"Я нашел царя в глубоком унынии. Сей пышный двор ныне выглядит смиренною обителью иноков, черным цветом одежды отражая мрачность души Иоанновой. Но судьбы всевышнего неисповедимы: самая печаль царя, некогда столь необузданного, расположила его к умеренности и терпению слушать мои убеждения".
В беседе со своими помощниками Поссевин высказывал твердое убеждение, что уния будет введена на Руси.
Получив разрешение вновь явиться во дворец, Поссевин начал с того, что принялся уверять царя в искреннем расположении к нему короля Стефана Батория:
- Просил меня его величество король Стефан передать твоему величеству: вражда угасла в его сердце, он не таит никакой скрытой мысли о будущих завоеваниях. Король сказал: пускай ездят в Москву римляне, и немцы, и другие люди через Польшу и Ливонию свободно, беспрепятственно. Пускай в награду за страдания будет тишина христианам и месть разбойникам-крымцам. Король сказал: "Пойду на них! Добро, коли пойдет на них и царь! Надобно унять вероломных злодеев, алчных ко злату и крови наших подданных".
Сказав это, Поссевин низко поклонился Ивану Васильевичу, сидевшему на троне в черном монашеском одеянии. Он внимательно прослушал речь Поссевина. А когда тот ее кончил, сказал:
- Мы теперь уже не в войне с ханом: посол наш, князь Василий Масальский, несколько лет прожил в Тавриде. Заключил выгодное перемирие с ханом. Магомет-Гирей имеет нужду в отдыхе. Его изнурила долгая война с Персией. Оная война берегла нас от опасных нашествий крымцев в течение пяти лет. Нужды воевать с ханом уже нет у нас. Спасибо королю за его добрые слова, которые нам приятно слушать.
После этого Антоний приступил к самому главному - стал просить царя побеседовать с ним наедине о вере.
Царь на это ответил:
- Мы с тобой говорить готовы, но не наедине. Зачем мне обижать своих ближних людей? Да и то порассуди: ты по наказу наивышнего папы и своею службою между нами и Стефаном-королем мирное постановление заключил. А если мы станем говорить о вере, каждый свою веру будет хвалить. Пойдет спор. Иначе не бывает.

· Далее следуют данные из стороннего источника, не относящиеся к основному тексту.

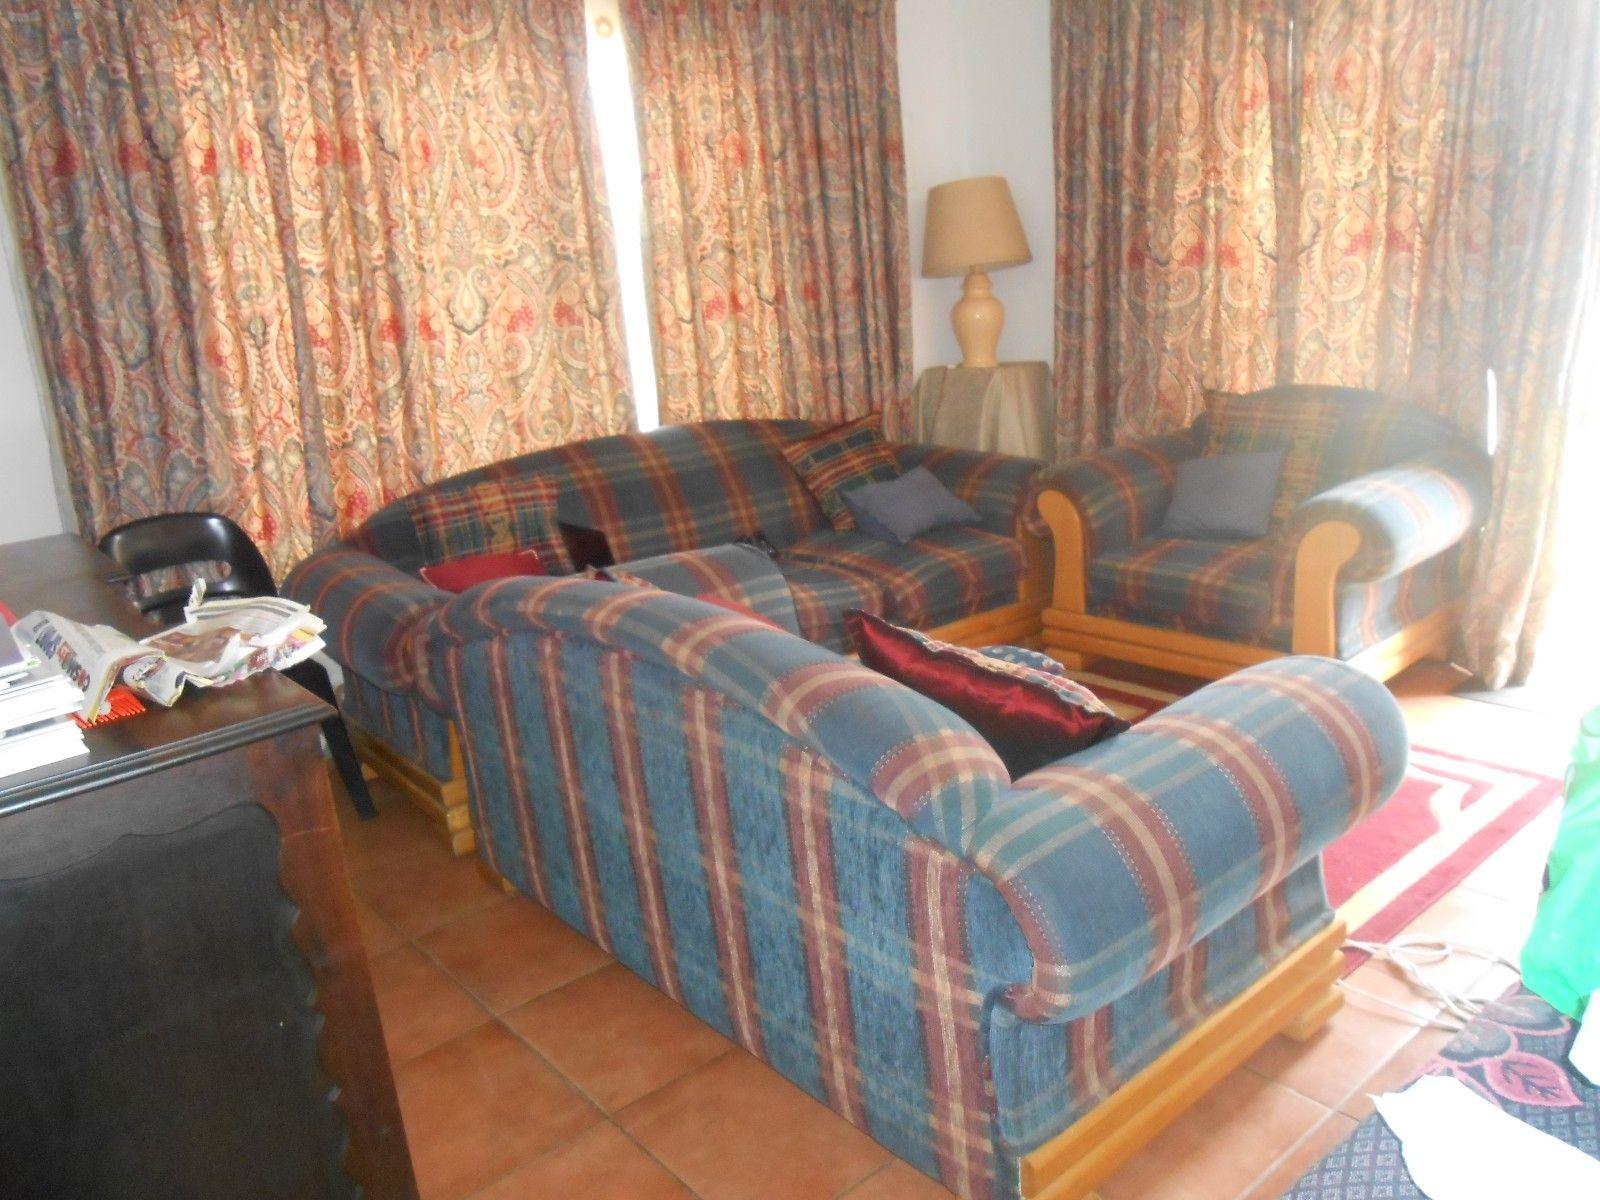 House For Sale In Cosmo City 3 Bedroom 13488902 1 1 Cyberprop

Антоний Поссевин спокойно выслушал царя Ивана, а потом вкрадчивым голосом стал уверять, что если царь перейдет в латинскую веру, то получит не только Киев, но и царьградский стол.
Иоанн, усмехнувшись, покачал головою:
- Не надо нам этого, коли веру нужно менять. Можно ли ради выгоды менять веру?! Наша вера с глубокой древности была сама по себе, а Римская церковь - сама по себе. Мы в своей христианской вере родились и дошли с ней до совершенного возраста. Нам уже пятьдесят лет с годом, нам нечего уже менять веру. Ты мне говорил, что ваша римская вера с греческою одна: но мы держим веру истинно христианскую, русскую, а не греческую, свою, а не чужую.
Следующая встреча царя с Поссевином произошла в торжественной обстановке, в Тронной палате. Присутствовать при беседе царя с послом римского папы разрешено было лишь особо знатным боярам, князьям и дворянам.
Поссевин явился в сопровождении трех иезуитов.
Он принялся горячо убеждать царя продолжить беседу о вере.
Царь Иван ответил:
- Сказывал нам наш человек, который был послан в Рим, что папу Григория носят на престоле и на ноге у папы крест. В нашей вере крест - на врагов победа... С ним ходим в бой. Как же мы будем носить крест ниже пояса? Он - защита наша.
Поссевин возразил:
- Папу достойно величать: он - глава христиан, учитель всех государей, сопрестольник апостола Петра, христова сопрестольника. Вот и ты - государь великий, и прародитель твой был на Киеве великий князь Владимир: и вас, государей, как нам не величать, и не славить, и в ноги не припадать?
Иезуиты поклонились царю в ноги.
Нахмурился Иван Васильевич, оглядывая их; тяжело вздохнув, сказал:
- Зачем говоришь про папу Григория слова хвастливые?! Зачем называешь его сопрестольником Христу и Петру?! Говоришь это ты, - мудрствуя лукаво, не по заповедям господним. Нас пригоже почитать по царскому нашему величию. Мы - цари. А святителям всем, ученикам апостольским, должно смирение показывать, а не возноситься превыше царей. Папе Григорию не следует Христу уподобляться и сопрестольником ему называться. Папа не по христову учению и не по апостольскому преданию живет, коли себя с Христом равняет.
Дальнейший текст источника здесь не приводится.